If economic behavior is about choice, as the first page in economics textbooks tell us, it requires individuals or corporate entities who are capable of choice. And if “ems” (the emulated intelligences that Hanson writes about) don’t have rights, they also are not capable of choice, only of execution of others’ choices.
This is semantic, but it’s not just semantic. If Pharaoh orders his slaves to build a pyramid, does the GDP of Ancient Egypt go up? Maybe from some knock-on effects (because the postcard painters on the River Nile can sell more postcards), but in of itself? It seems to me that it doesn’t, until someone is capable of making choices in response to the slaves’ toil.
Can artificial intelligences who are deprived of rights make choices? They can execute their masters’ desires more or less closely, but they are still limited by those desires. And insofar as those desires conflict, it seems at least as plausible that artificial intelligence, if relatively easy to create and duplicate, will be used more for defense and counterdefense, for endless cycles of increasingly sophisticated parries and blocks, for coevolutionary arms races of hosts and parasites, virtual predator and prey, as for the cooperation and agreement that characterize economic growth.
The alternative is to allocate rights and self-determination to the artificial intelligences. And we all know where that leads.
Hanson responds to Caplan as follows, which doesn’t convince me:
One could have similarly argued that fundamental growth bottlenecks must prevent the previous observed huge jumps in growth rates, such as from foraging to farming, or farming to industry. And plausibly related obstacles did prevent those eras from starting as soon as they might have. But eventually obstacles were overcome. No doubt our current economy tolerates many delays that would have to be cut to enable much faster growth, and the em economy won’t start as early as it might because of regulatory and other delays. My book is mainly about what happens once those obstacles are overcome. Does Bryan really think such obstacles could never be overcome? Even when doing so might quickly allow a city or nation to dominate the world? His “near-zero prior” seems to come not from any fundamental analysis but, from his strong reliance on intuition; I suspect he would have similarly assigned a very low prior to manned flight in 1850, or to space flight in 1900.

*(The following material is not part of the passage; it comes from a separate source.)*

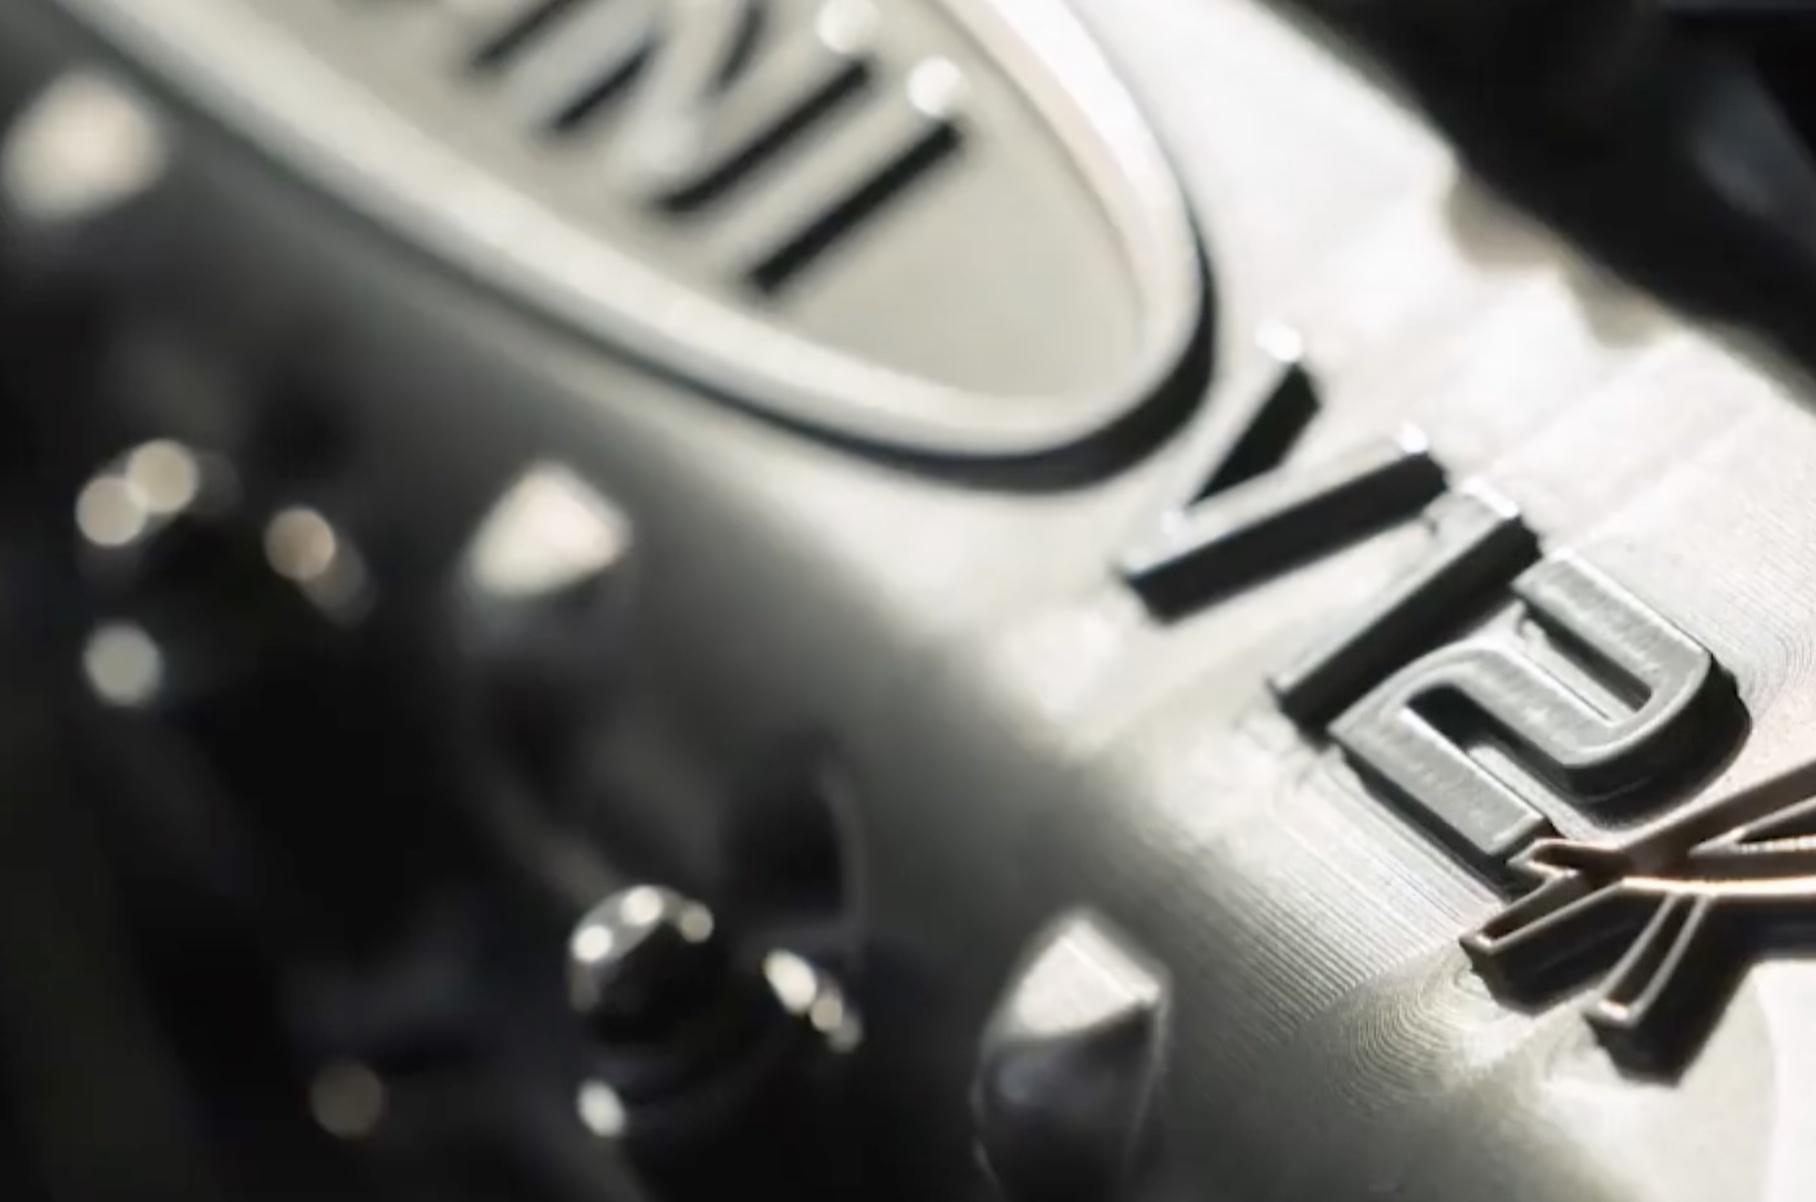 Pagani дала послушать звук двигателя экстремальной Huayra R Новости

I’m a strong believer in the inevitability of greater-than-human artificial intelligence, and have been since I read Marvin Minsky’s The Society of Mind when I was a kid.Hell, there are ways in which the internet has generated a super-intelligence already, simply by connecting existing human knowledge in a way that makes it accessible to search and iterative mapping and analysis. It’s not that we won’t have computers that can do things we can’t (we already do) and that perhaps will think greater or richer thoughts than are available to us. It’s that turning that capacity into an expanded or richer world isn’t simply a challenge of technology or even regulation or law.
For some reason, an image came to me just as I woke up this morning- a graph showing marginal returns to effort or work as an inverse function with the top labeled “Friendship,” something like this:
It’s a somewhat embarassingly sentimental and even vacuous image, but it does capture something I believe- that even as technology increases the returns to a small amount of effort (thus the inverse graph), it still requires cooperation, persuasion, and choice in order to be counted as increasing our individual or collective wealth.